Step 3, sentence similarity is calculated based on CSM and obtains Sim₁, sentence similarity is calculated based on PV and obtains Sim₂, then carry out Similarity-Weighted merges to obtain sentence similarity, and then obtains sentence similarity matrix；

Step 4, similar sentence group is divided according to sentence similarity matrix and similarity threshold, includes then in conjunction with sentence in group For entity relationship to corresponding confidence level, entity relationship pair in merging group obtains final result.

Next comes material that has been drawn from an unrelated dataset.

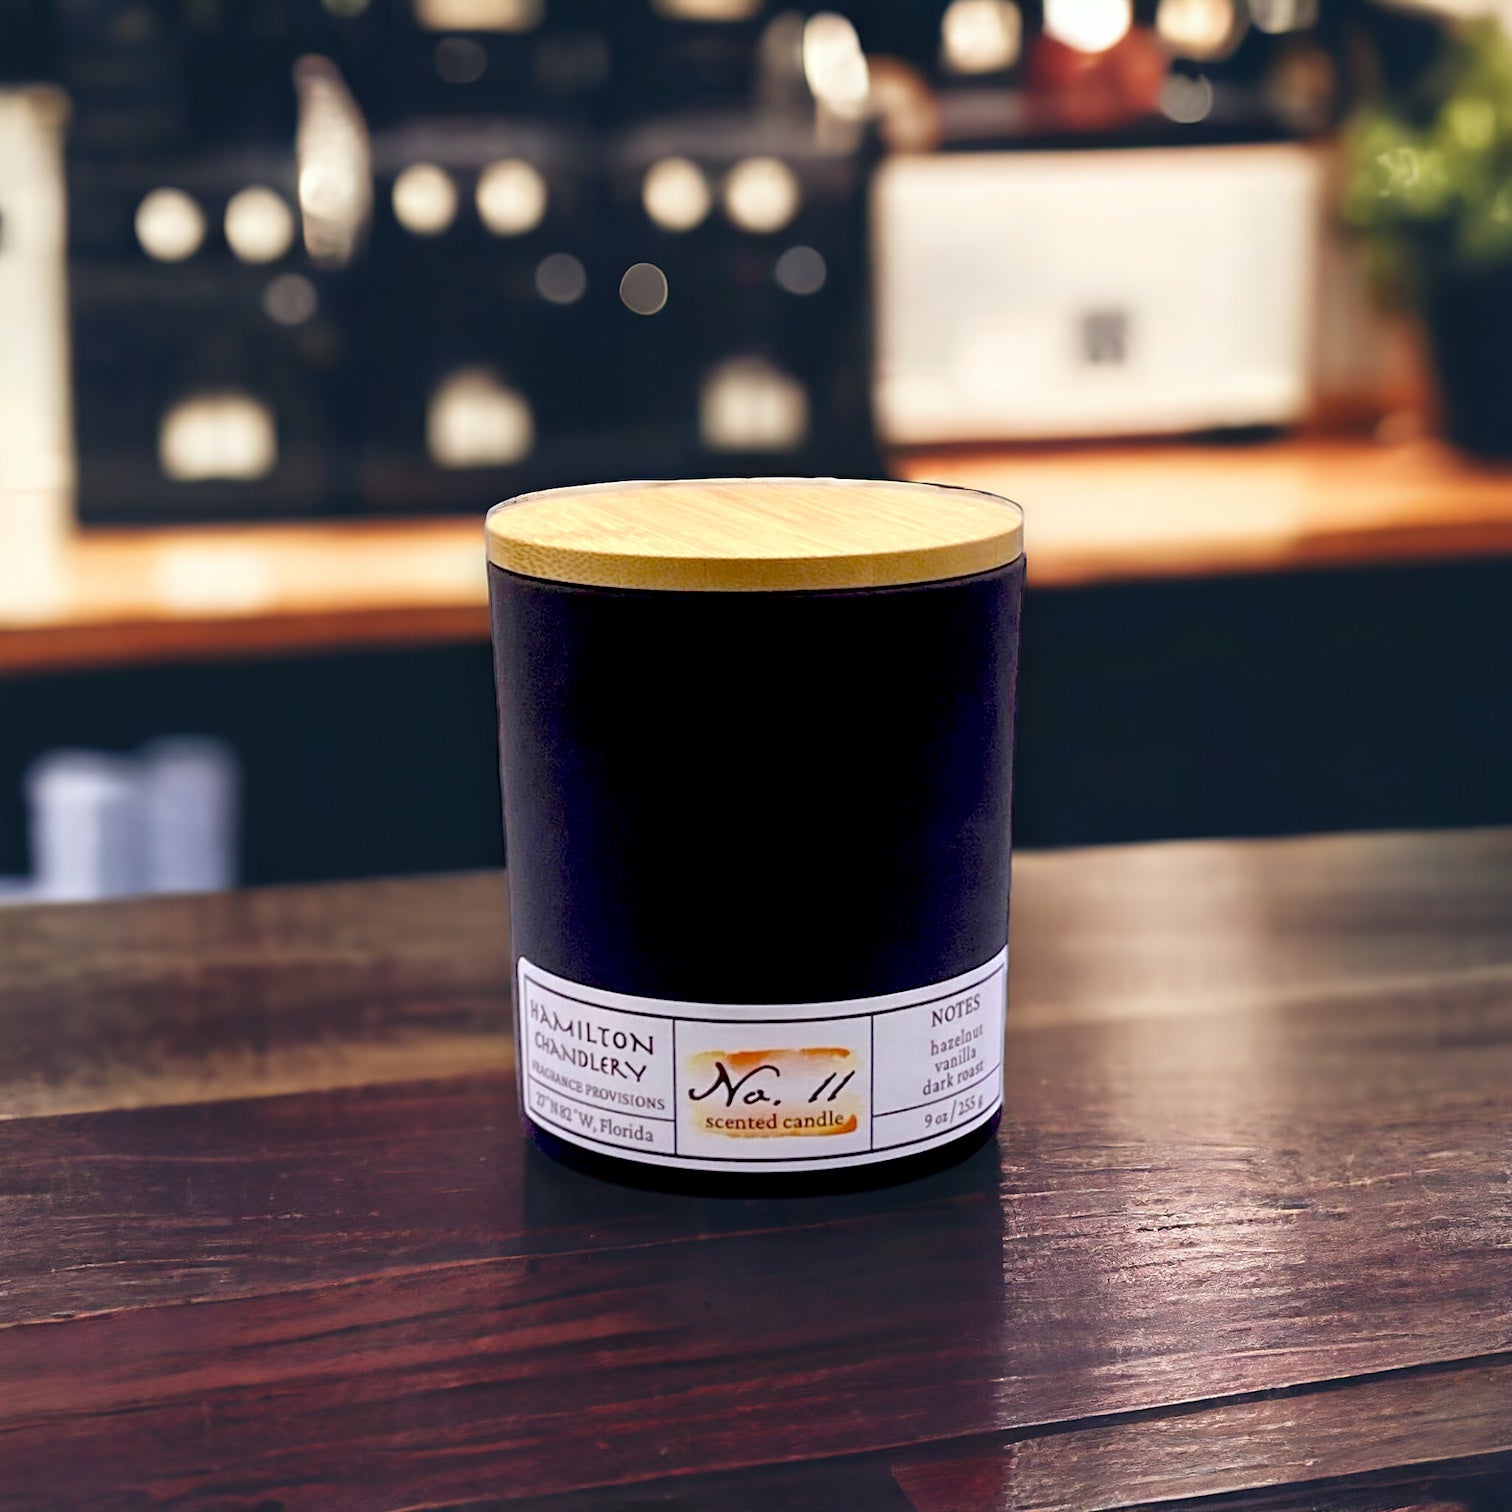 Fragrance No. 11 Blown Glass Candle with Bamboo Lid  in Coffee House Setting | Hamilton Chandlery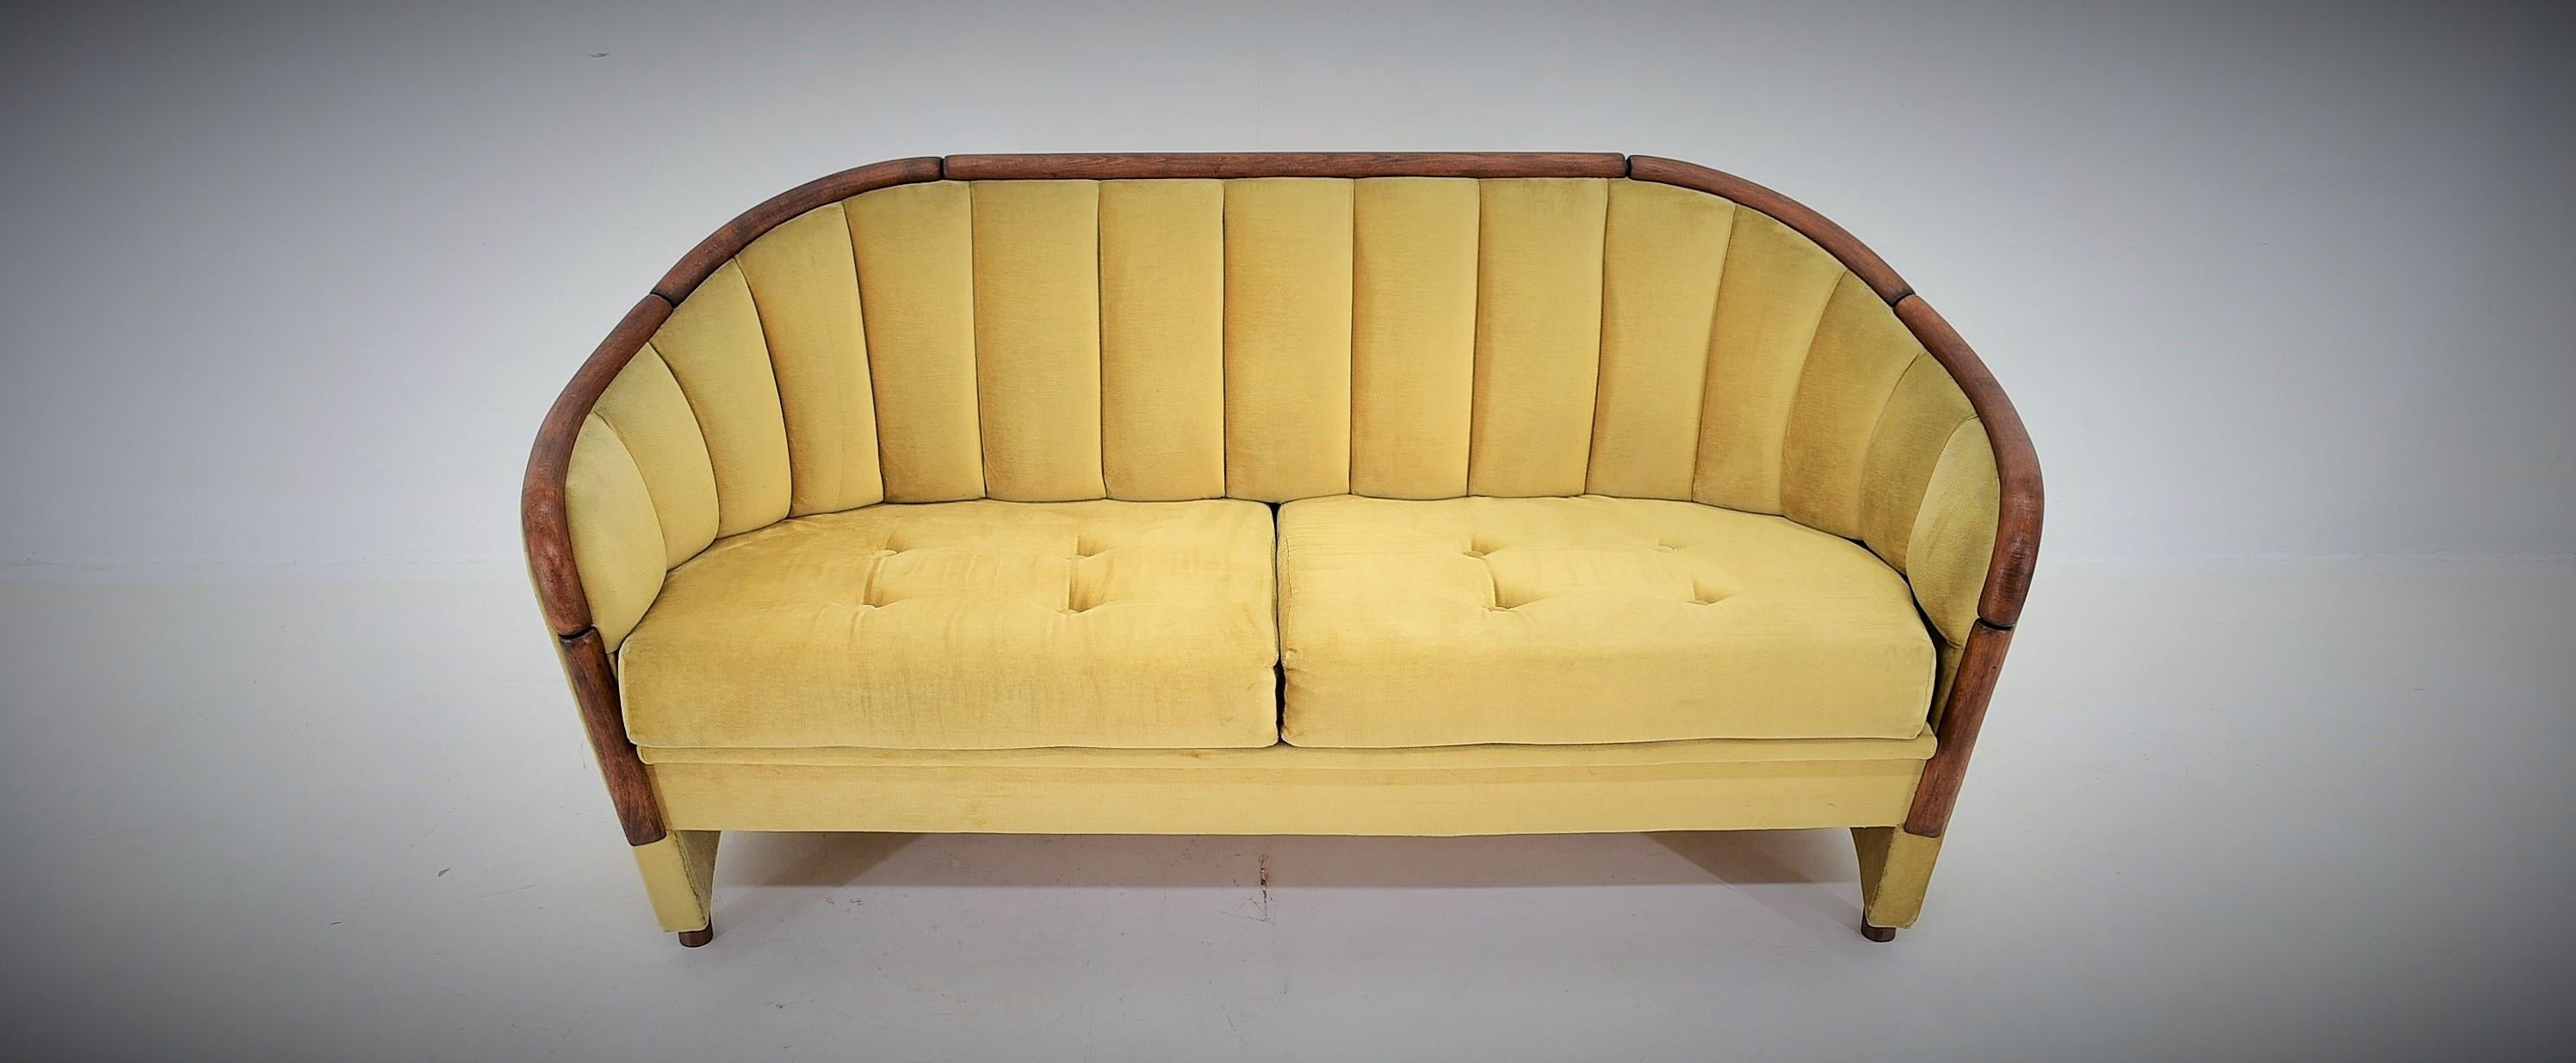 Mid-Century Modern Italian 2-Seat Sofa in the Style of Gio Ponti, 1950s For Sale

2. the open entity relation extraction method according to claim 1 based on sentence justice structural model, it is characterised in that： When calculating the confidence level of entity relationship pair in step 2, selected feature includes：Relative among two arguments, two arguments are in relationship Word side, ER are to there are the paths VOB, ER to there are the paths FOB, the distance between arguments and relative.

3. the open entity relation extraction method according to claim 1 based on sentence justice structural model, it is characterised in that： When calculating the confidence level of entity relationship pair in step 2, the corresponding weight Dis calculating of feature the distance between " argument with relative " Method is as shown in Equation 1：

Wherein e₁、e₂It is two arguments of entity relationship centering respectively, r is the relative of entity relationship centering, dis (e₁,e₂) table Show distance of two arguments in sentence, i.e., the number of word between the two, dis (e₁, r) and statement argument e₁With relative r in sentence In distance, dis (r, e₂) indicate relative r and argument e₂Distance in sentence.

4. the open entity relation extraction method according to claim 1 based on sentence justice structural model, it is characterised in that： Sentence similarity is calculated based on CSM in step 3 and step 4 and obtains Sim₁, sentence similarity is calculated based on PV and obtains Sim₂, then Carry out Similarity-Weighted to merge to obtain sentence similarity, and then obtain sentence similarity matrix, according to sentence similarity matrix and Similarity threshold divides similar sentence group, and the entity relationship for including then in conjunction with sentence in group closes corresponding confidence level And entity relationship pair in organizing, realize that redundancy drops in entity relationship result.